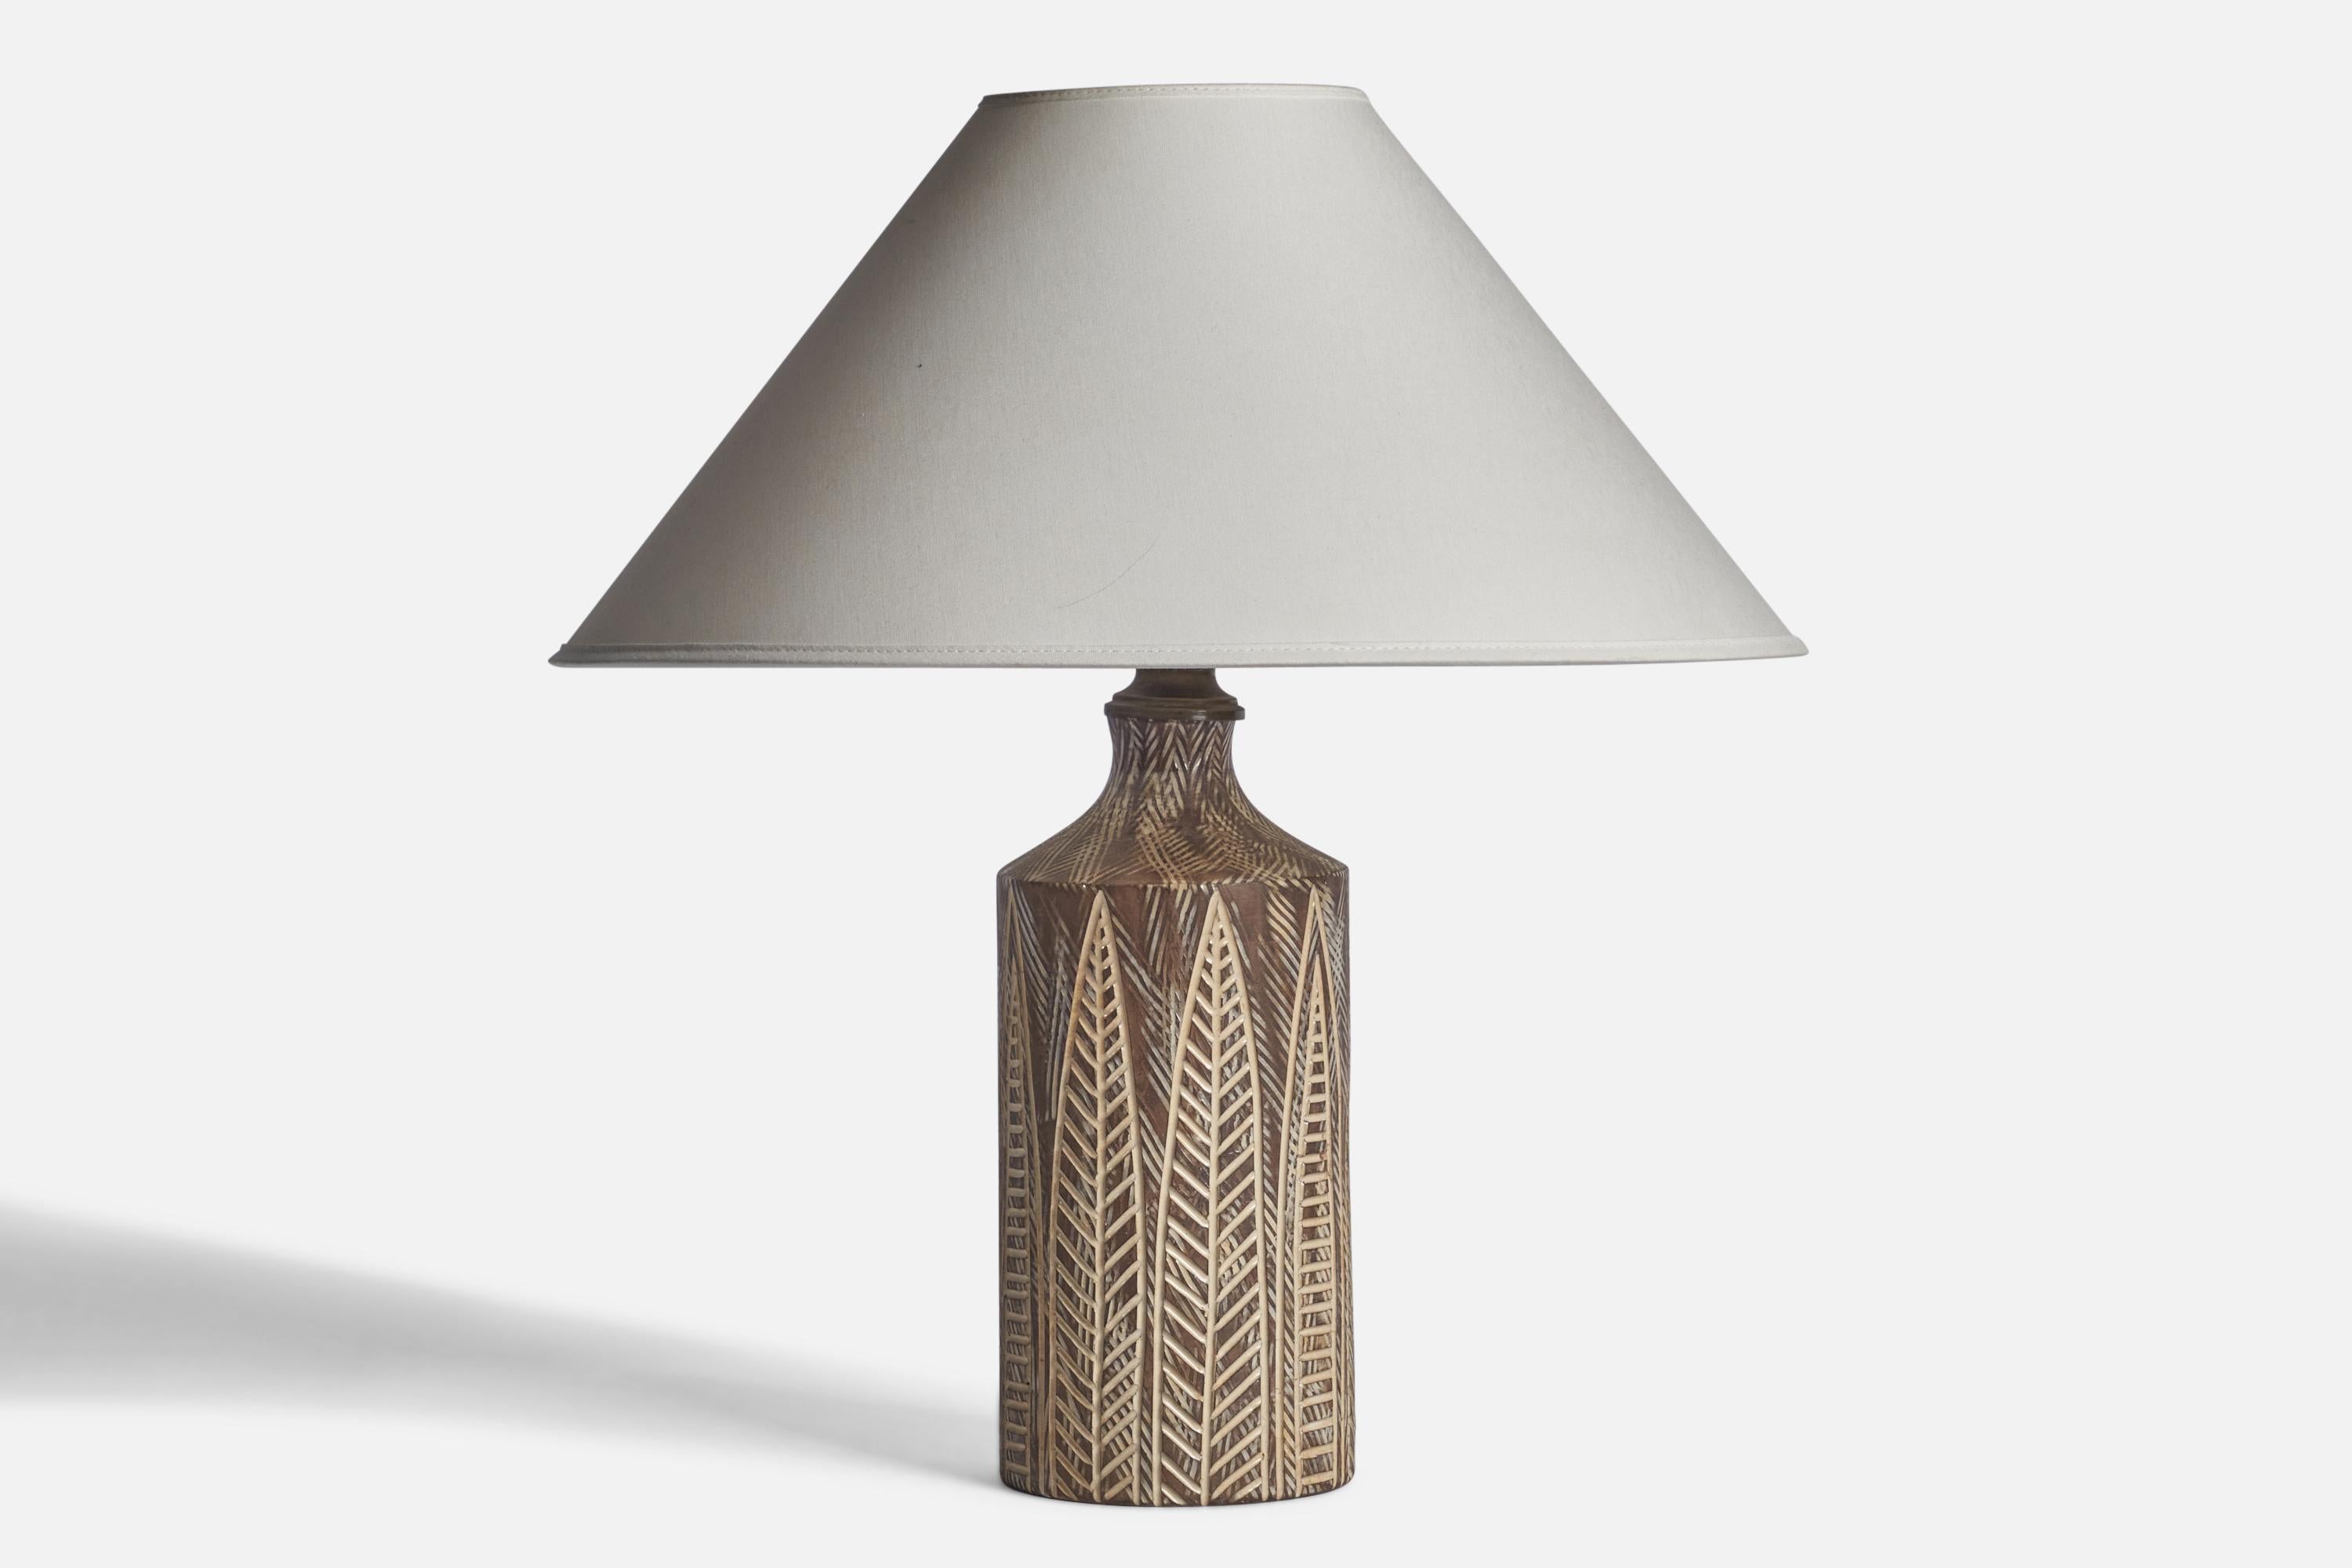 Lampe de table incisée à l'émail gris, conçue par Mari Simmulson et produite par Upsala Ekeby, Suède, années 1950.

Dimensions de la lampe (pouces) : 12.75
· · · · ·
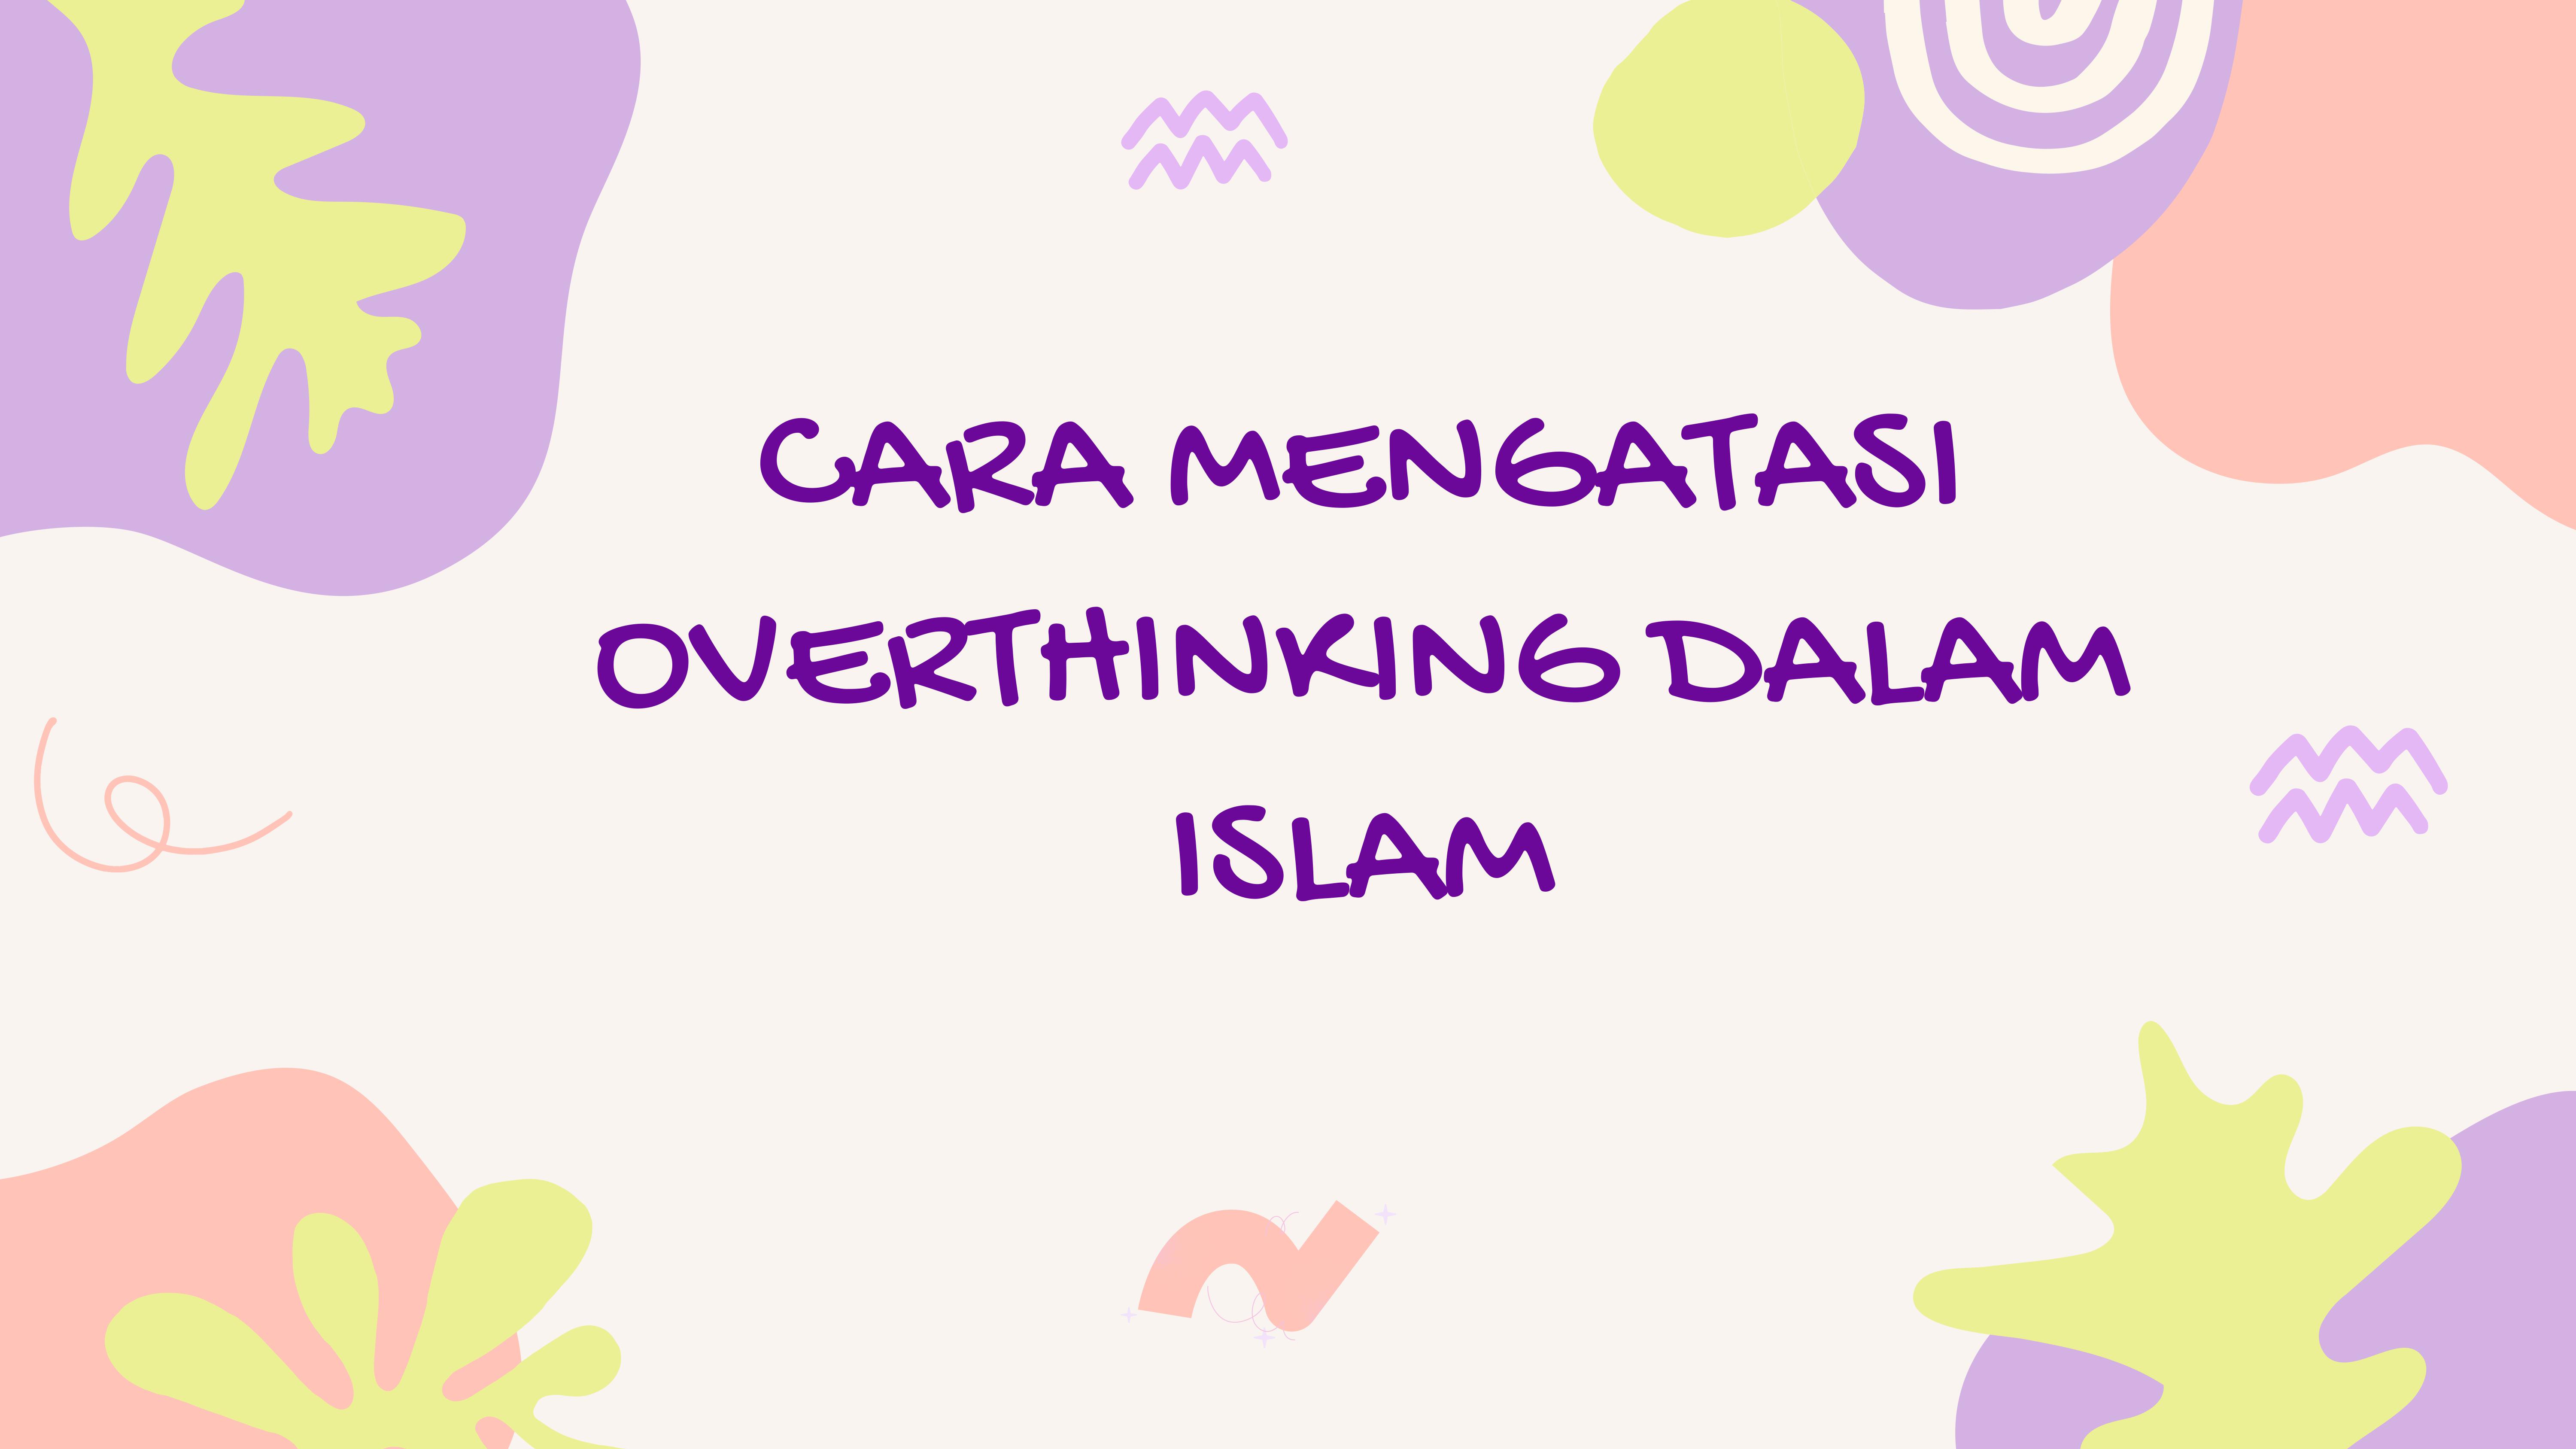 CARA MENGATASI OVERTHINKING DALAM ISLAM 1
· · · · ·
#### Task brief:
Extract the part of the records that opens with the line containing "Lampe de table" and closes with the line containing "Dimensions de la lampe (pouces) : 12.75". Take only those lines, exactly, and no pictures.

#### Final answer:
 Lampe de table incisée à l'émail gris, conçue par Mari Simmulson et produite par Upsala Ekeby, Suède, années 1950.

Dimensions de la lampe (pouces) : 12.75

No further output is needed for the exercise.